_EXERCISE REQUIREMENTS_.
Nothing but the lines from the one containing "Free-Disposable-Kraft-Paper-Carry-Bag-Mockup-PSD-2" through the final line of the listing should appear in the answer, each exactly as written.

══ RECORDS SUPPLIED ══

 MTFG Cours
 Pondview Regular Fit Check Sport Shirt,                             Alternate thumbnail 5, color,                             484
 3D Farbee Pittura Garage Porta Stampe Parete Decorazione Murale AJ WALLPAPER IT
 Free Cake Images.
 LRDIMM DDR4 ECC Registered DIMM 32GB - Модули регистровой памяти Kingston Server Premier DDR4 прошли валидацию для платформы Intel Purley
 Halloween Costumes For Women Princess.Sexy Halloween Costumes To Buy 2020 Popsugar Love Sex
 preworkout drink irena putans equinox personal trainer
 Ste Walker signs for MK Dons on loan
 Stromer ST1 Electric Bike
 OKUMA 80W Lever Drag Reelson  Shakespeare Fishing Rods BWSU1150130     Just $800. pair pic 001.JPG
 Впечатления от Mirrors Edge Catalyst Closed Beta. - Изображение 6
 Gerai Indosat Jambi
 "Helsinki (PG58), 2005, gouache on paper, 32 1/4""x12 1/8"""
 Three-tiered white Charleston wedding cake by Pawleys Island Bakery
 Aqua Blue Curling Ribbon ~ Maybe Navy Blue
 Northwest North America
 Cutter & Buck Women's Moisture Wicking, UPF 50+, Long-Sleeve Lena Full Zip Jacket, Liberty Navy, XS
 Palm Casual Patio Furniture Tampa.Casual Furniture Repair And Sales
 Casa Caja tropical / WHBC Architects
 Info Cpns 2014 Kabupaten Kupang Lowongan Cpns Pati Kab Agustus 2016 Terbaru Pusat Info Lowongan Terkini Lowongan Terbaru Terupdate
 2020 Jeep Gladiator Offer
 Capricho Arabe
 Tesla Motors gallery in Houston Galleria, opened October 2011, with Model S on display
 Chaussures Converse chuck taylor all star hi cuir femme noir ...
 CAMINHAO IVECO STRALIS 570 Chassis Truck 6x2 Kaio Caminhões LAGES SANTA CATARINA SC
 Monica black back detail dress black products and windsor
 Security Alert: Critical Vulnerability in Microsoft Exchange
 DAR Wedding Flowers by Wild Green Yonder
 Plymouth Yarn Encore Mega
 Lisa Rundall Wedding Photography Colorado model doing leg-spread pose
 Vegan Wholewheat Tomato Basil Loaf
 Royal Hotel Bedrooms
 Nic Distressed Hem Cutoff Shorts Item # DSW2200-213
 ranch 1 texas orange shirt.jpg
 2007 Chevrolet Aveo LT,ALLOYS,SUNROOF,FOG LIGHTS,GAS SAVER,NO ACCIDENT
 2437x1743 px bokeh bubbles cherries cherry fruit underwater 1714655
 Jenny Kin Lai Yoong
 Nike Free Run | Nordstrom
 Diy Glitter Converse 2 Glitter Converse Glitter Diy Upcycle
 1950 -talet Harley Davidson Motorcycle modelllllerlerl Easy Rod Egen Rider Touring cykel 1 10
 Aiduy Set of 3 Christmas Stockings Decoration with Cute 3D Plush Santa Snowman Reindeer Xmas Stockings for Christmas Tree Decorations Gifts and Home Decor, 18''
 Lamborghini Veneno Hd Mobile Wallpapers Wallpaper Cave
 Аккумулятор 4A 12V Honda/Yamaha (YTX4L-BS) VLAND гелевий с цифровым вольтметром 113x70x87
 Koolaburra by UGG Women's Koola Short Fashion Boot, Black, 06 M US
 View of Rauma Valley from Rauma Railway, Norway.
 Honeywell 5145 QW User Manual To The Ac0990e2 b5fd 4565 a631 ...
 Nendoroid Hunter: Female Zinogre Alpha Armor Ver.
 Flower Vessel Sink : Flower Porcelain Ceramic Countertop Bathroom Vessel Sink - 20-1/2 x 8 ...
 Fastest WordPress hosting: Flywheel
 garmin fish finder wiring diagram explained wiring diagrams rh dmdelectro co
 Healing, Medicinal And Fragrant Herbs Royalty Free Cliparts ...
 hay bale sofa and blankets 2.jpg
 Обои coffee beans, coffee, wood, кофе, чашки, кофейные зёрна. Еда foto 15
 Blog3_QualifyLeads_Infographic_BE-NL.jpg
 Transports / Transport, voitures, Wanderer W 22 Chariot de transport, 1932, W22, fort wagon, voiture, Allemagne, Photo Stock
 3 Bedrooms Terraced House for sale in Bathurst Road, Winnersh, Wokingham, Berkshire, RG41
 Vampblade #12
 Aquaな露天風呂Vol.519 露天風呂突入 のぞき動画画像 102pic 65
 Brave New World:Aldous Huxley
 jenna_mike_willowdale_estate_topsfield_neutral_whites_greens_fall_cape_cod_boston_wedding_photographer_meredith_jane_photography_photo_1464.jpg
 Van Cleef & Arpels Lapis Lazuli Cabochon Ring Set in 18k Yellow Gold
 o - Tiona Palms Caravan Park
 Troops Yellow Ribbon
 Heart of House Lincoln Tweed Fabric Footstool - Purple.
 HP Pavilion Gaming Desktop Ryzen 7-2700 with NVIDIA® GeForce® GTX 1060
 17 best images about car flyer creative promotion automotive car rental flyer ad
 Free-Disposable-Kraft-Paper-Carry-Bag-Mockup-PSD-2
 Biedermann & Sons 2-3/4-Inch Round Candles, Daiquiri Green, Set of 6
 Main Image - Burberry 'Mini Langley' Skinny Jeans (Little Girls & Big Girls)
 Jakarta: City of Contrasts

═══

_WRITTEN SOLUTION_.
 Free-Disposable-Kraft-Paper-Carry-Bag-Mockup-PSD-2
 Biedermann & Sons 2-3/4-Inch Round Candles, Daiquiri Green, Set of 6
 Main Image - Burberry 'Mini Langley' Skinny Jeans (Little Girls & Big Girls)
 Jakarta: City of Contrasts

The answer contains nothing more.